Sunday, February 21, 2010

How to monetize Intelligent Information?

With the success of ad-supported revenue models, it’s easy to think the future of online information is free to consumers. We’re accustomed to Google searches, Hulu videos, and online newspapers for free. However, intelligent information that’s digitally-delivered still commands a high price.

There’s a lot of information on the Internet but that doesn’t mean it’s credible or useful. According to Nielson Ratings, the Office of the CIA, and Serverwatch, the collective reasoning is that just over one billion people use the Internet. Said differently, the Internet has a population of one billion people. Considering frequent usage (at least once per week), the Internet population is roughly 500 million.

Additionally, Eric Schmidt (CEO of Google) claims that there is over five million terabytes of data on the Internet, of which Google indexes roughly 200 terabytes. That’s about .004%!

The estimate for the number of websites on the Internet is 155 million. It’s tough to decide on this number as each person’s social profile page is part of a larger domain but might be considered singular and other caveats like that.

There’s far too much information to digest. For the professional customer, it’s difficult to find information that improves performance. If a company can offer intelligent information to professionals, the revenue potential is quite large. If we look at two companies that provide intelligent information to businesses, we can analyze different revenue models.
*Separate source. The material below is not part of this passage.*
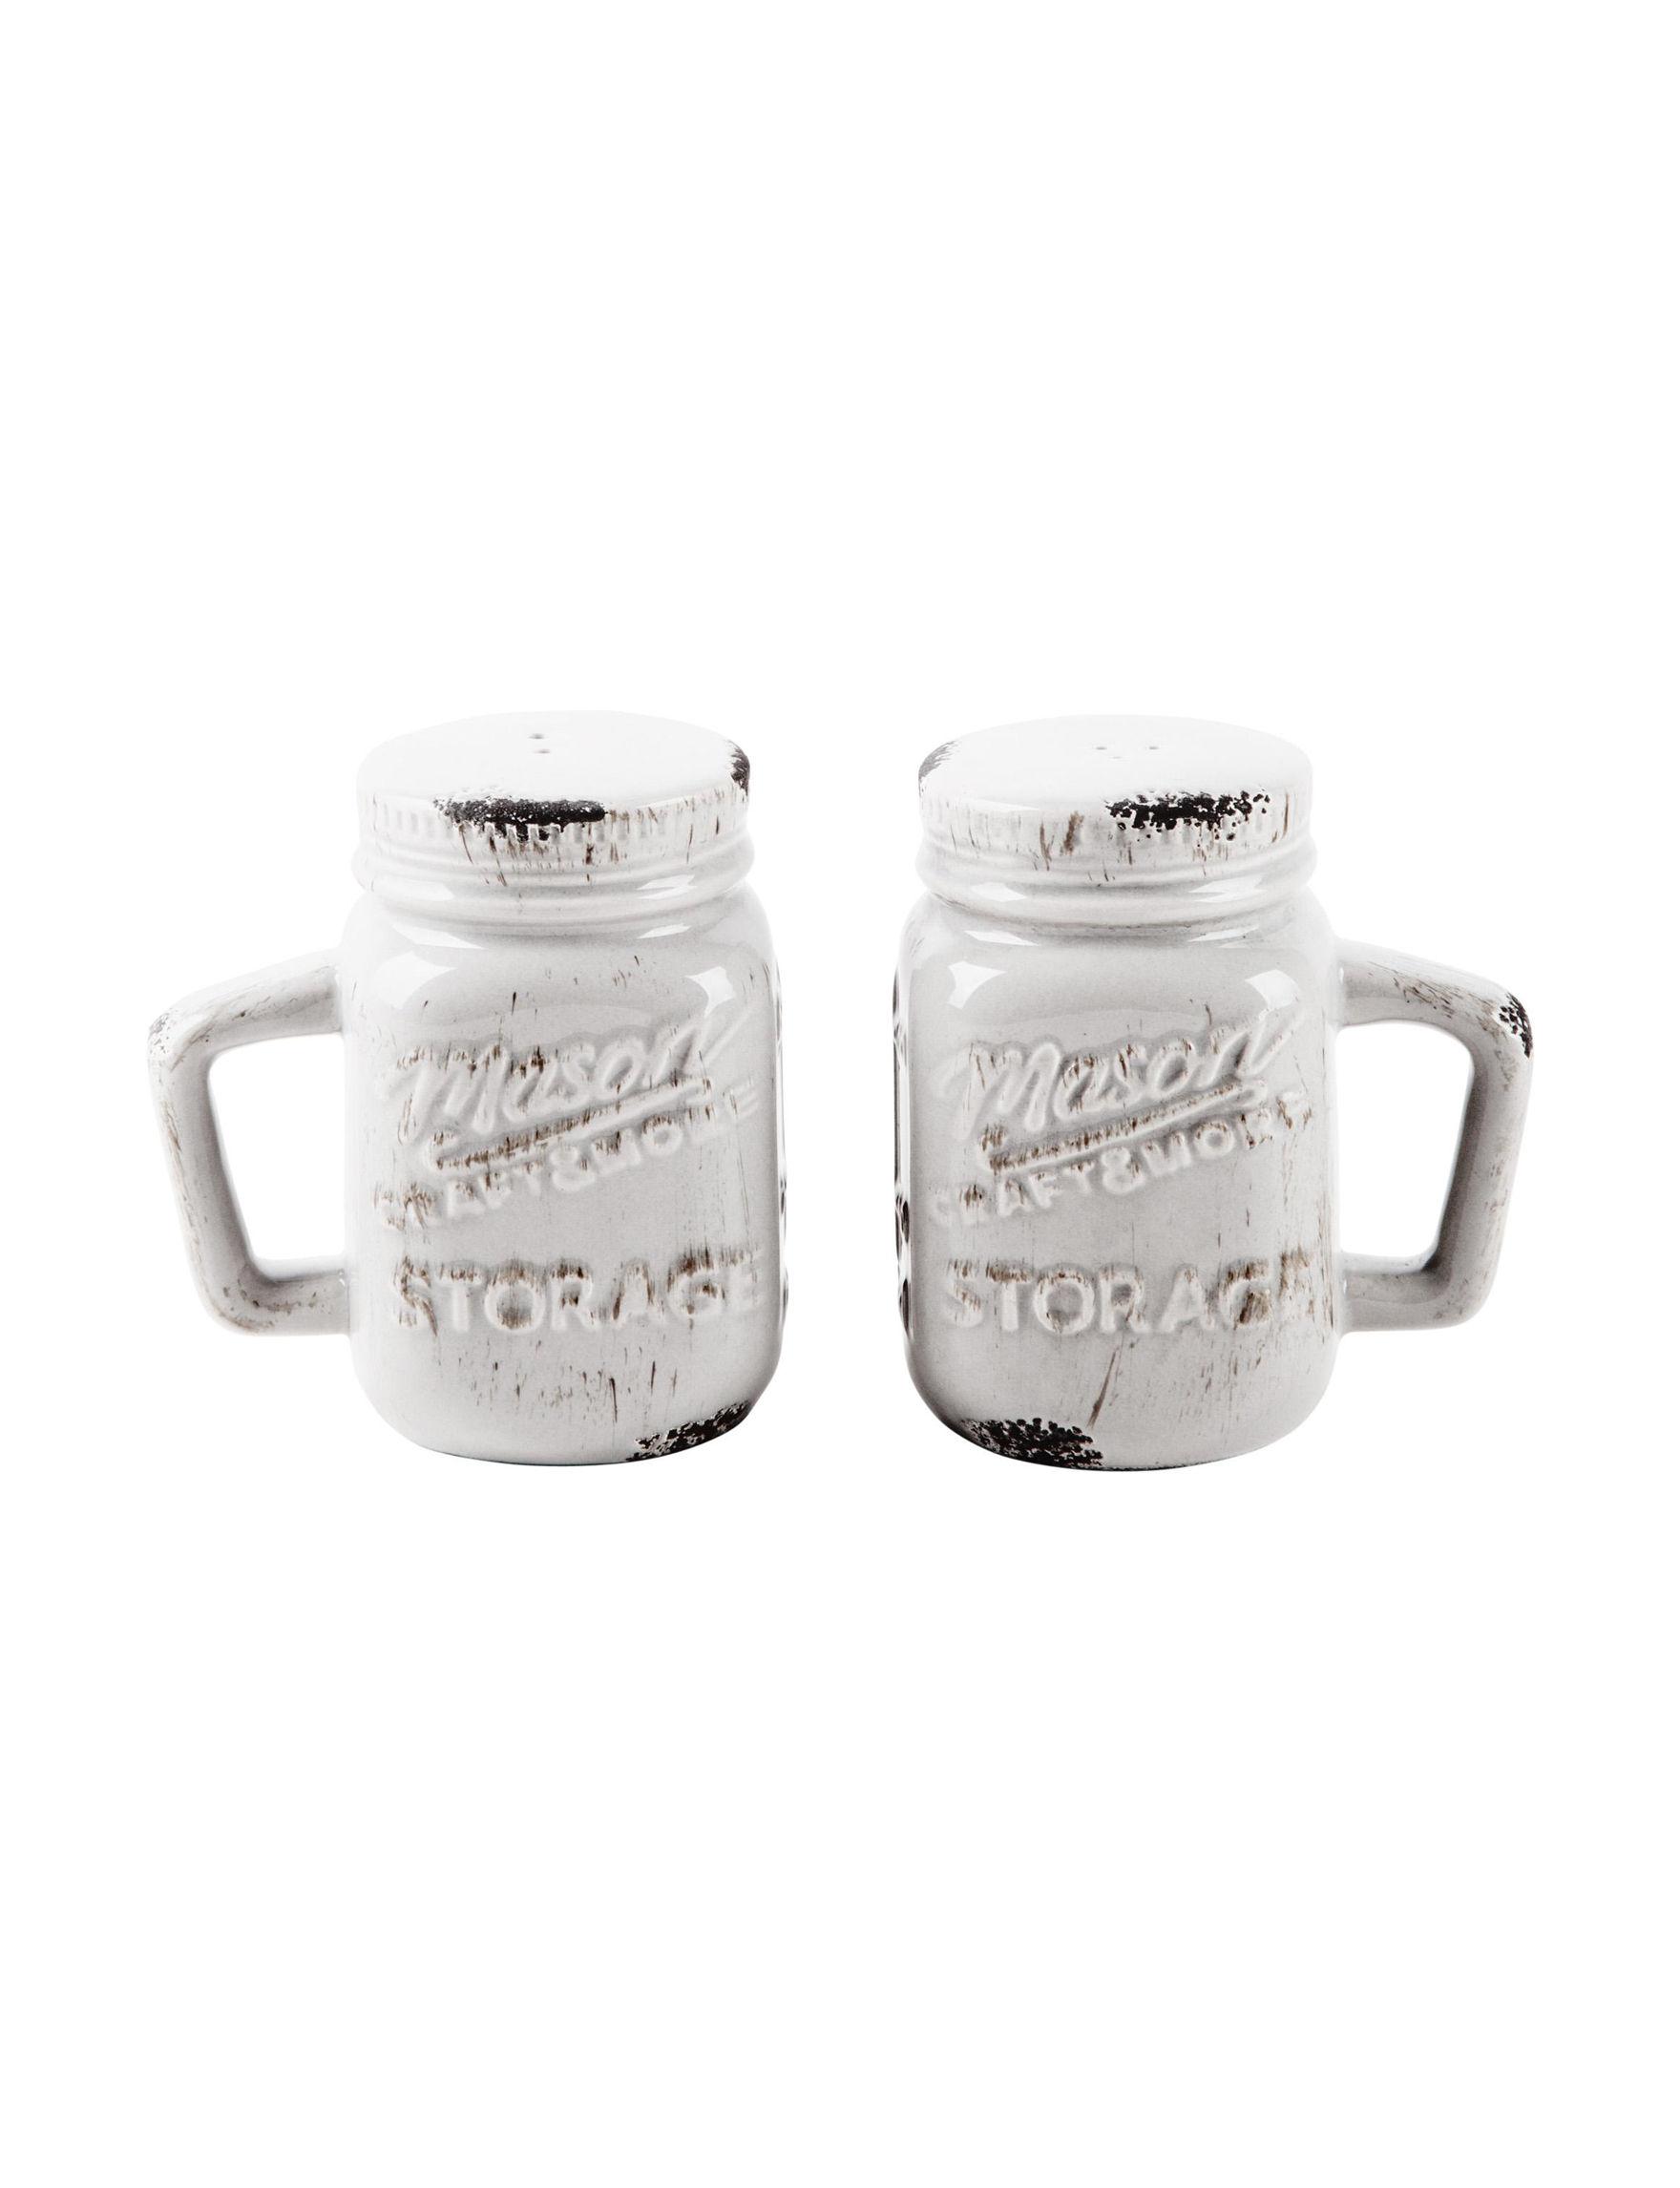 Home Essentials White Salt & Pepper Shakers Serveware

For this exercise, let’s consider Bloomberg and Thomson Reuters.

According to Alexa.com, Bloomberg has a traffic rank of 264 in the United States with over 36,000 sites linking to its service while Thomson Reuters has a traffic rank of 7,960 in the United States with roughly 1,7500 sites linking to its service.
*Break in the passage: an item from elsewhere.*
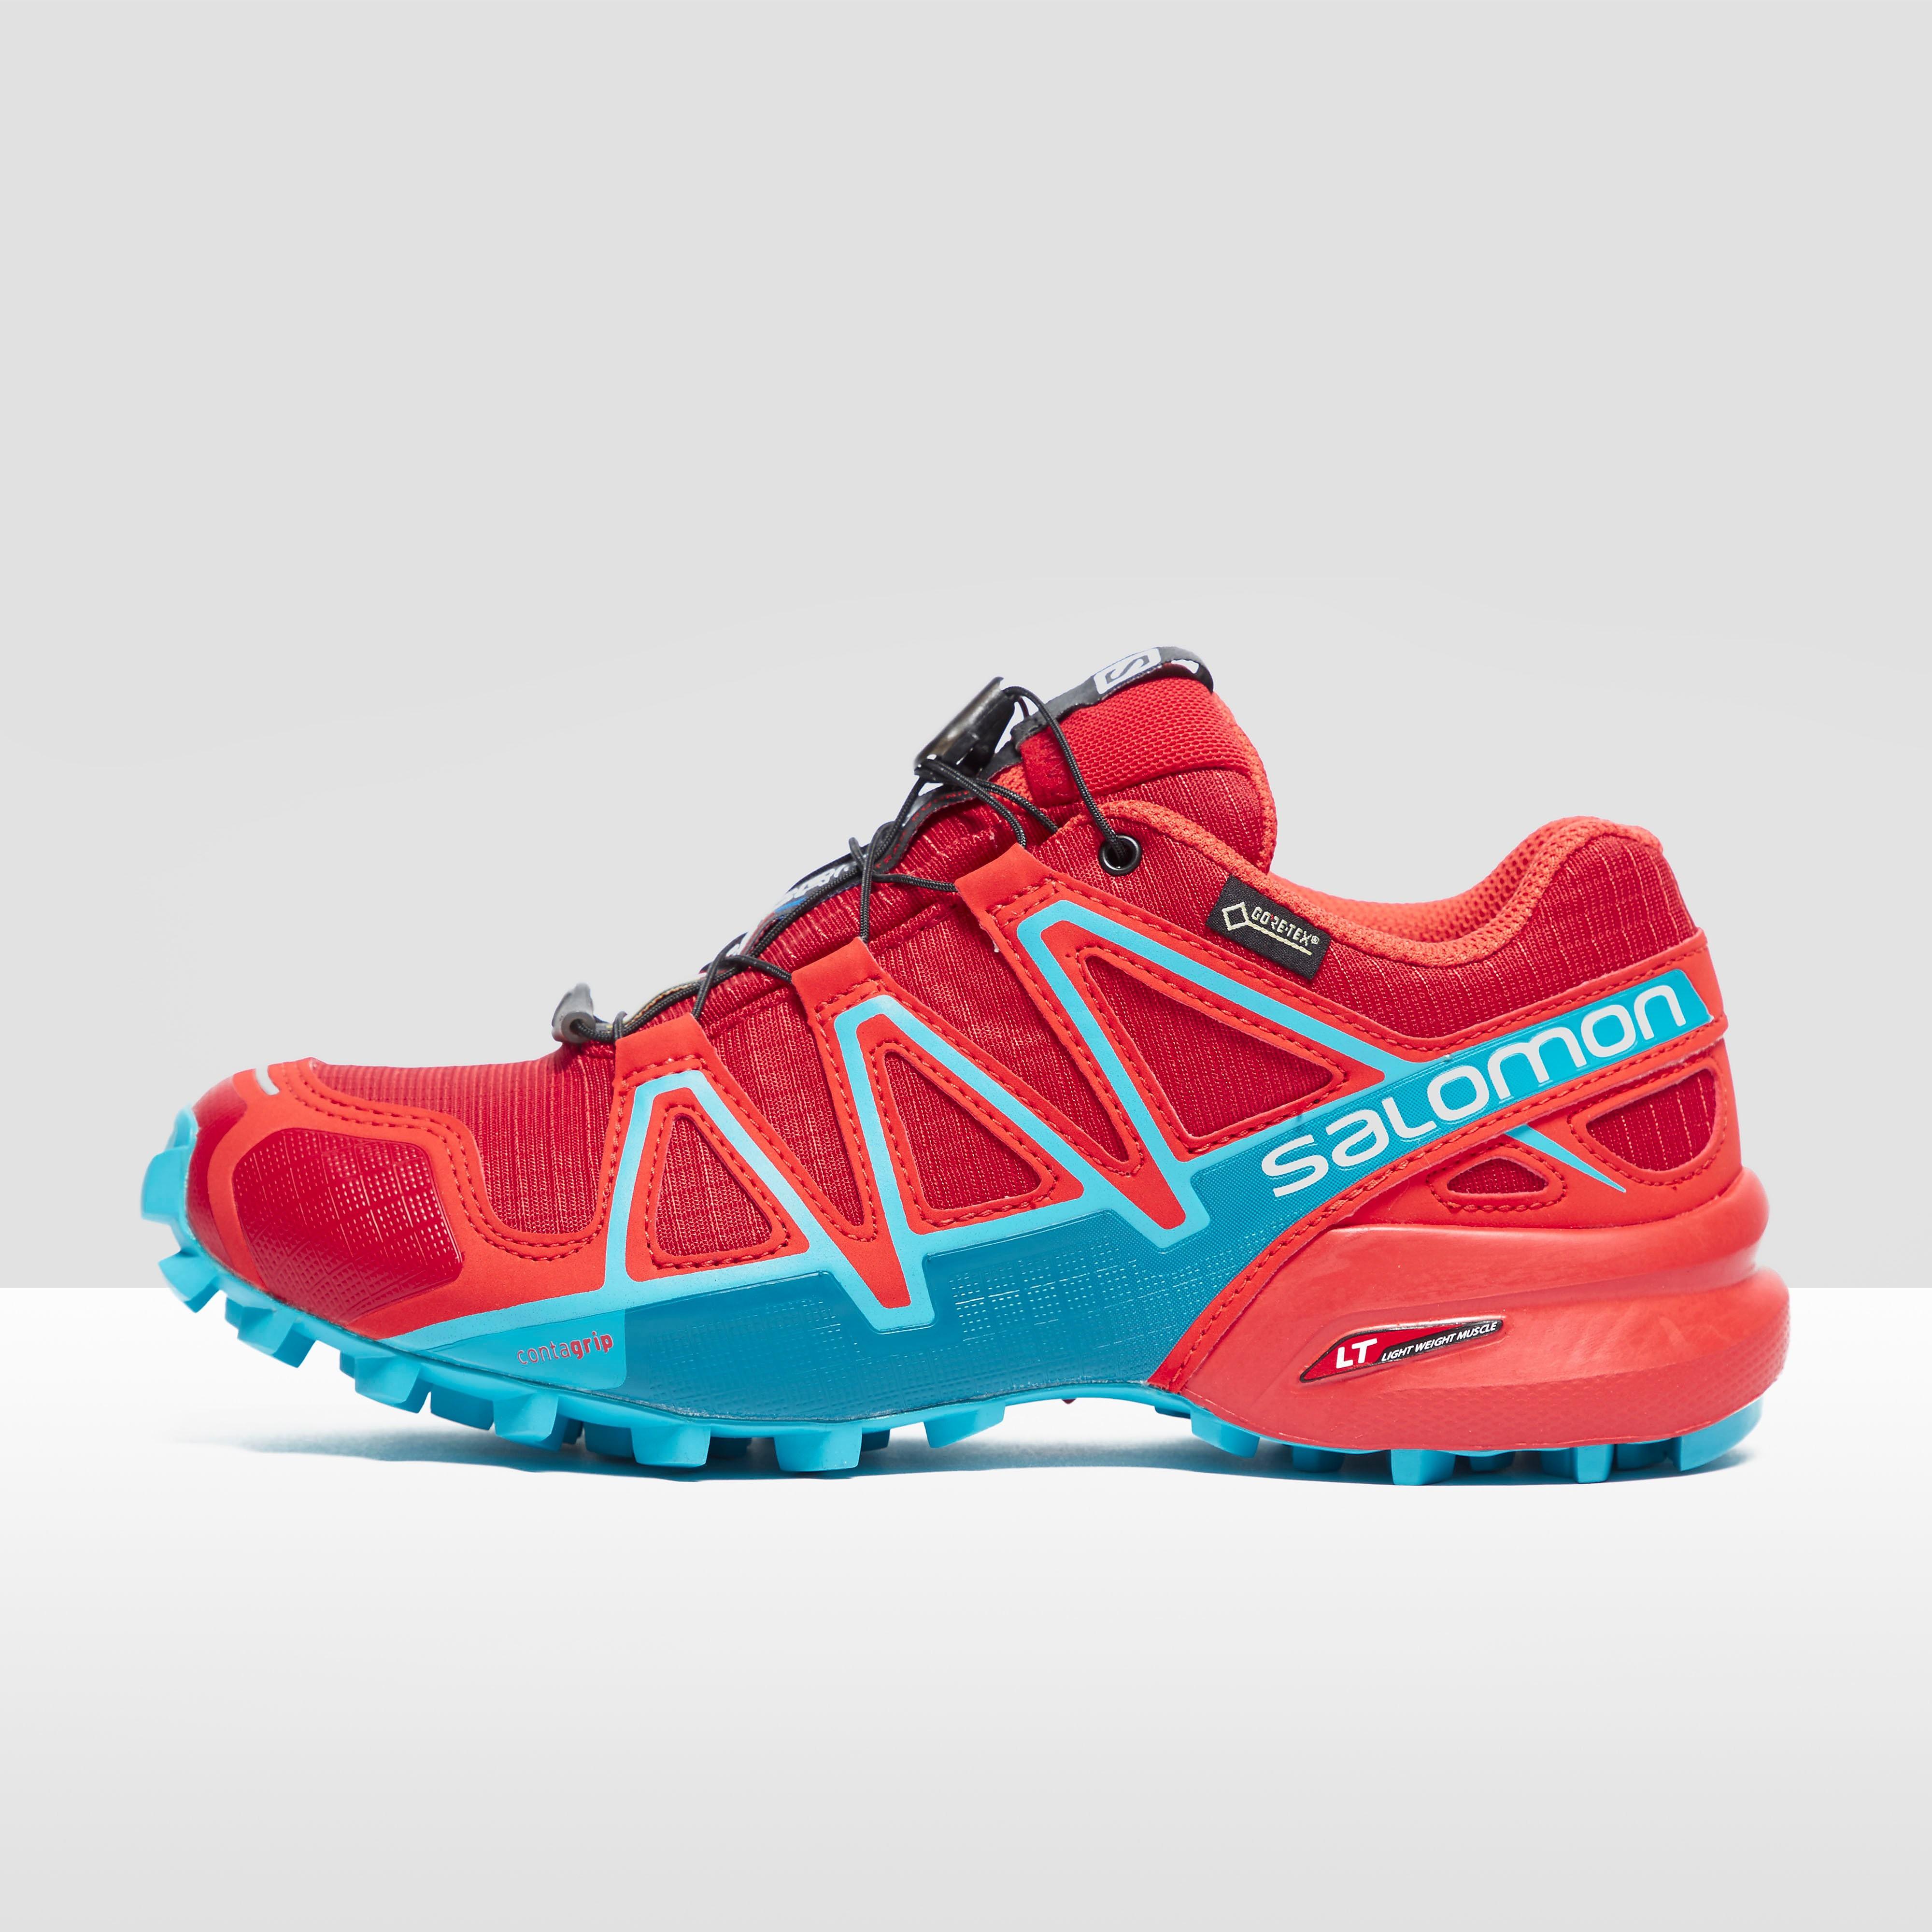 Salomon Speedcross 4 GTX Women's Trail Running Shoes

It looks like Bloomberg is well ahead. However, as I considered the homepage strategy, the two companies varied drastically. Bloomberg offers a prominent search box for professionals to easily look up equities and bonds on the market. It’s provided for free and supported by advertising. This is the “freemium” revenue model with additional subscription services for higher-value information. Thomson Reuters doesn’t offer free information above the fold of the homepage and relies almost exclusively on its subscription revenue model.

Shifting to revenue, Bloomberg generated $5.4 billion annual revenue and Thomson Reuters generated $11 billion.

Since both companies specialize in offering intelligent information in a digital form, it looks like the future isn’t shifting to “freemium.” Bloomberg’s significant advantage in traffic doesn’t translate to a revenue advantage. Most likely, many professionals and consumers visit Bloomberg for its free financial tools, but may not click on ads or subscribe to additional for-pay services. Conversely, Thomson Reuters hosts its online financial tools behind a “pay wall” and continues to perform well.

While this is a drastic simplification of the products and services offered by each company, I believe a strong conclusion is that companies that can provide credible and useful online content do not need to shift to the lowest common denominator of free ad-supported content.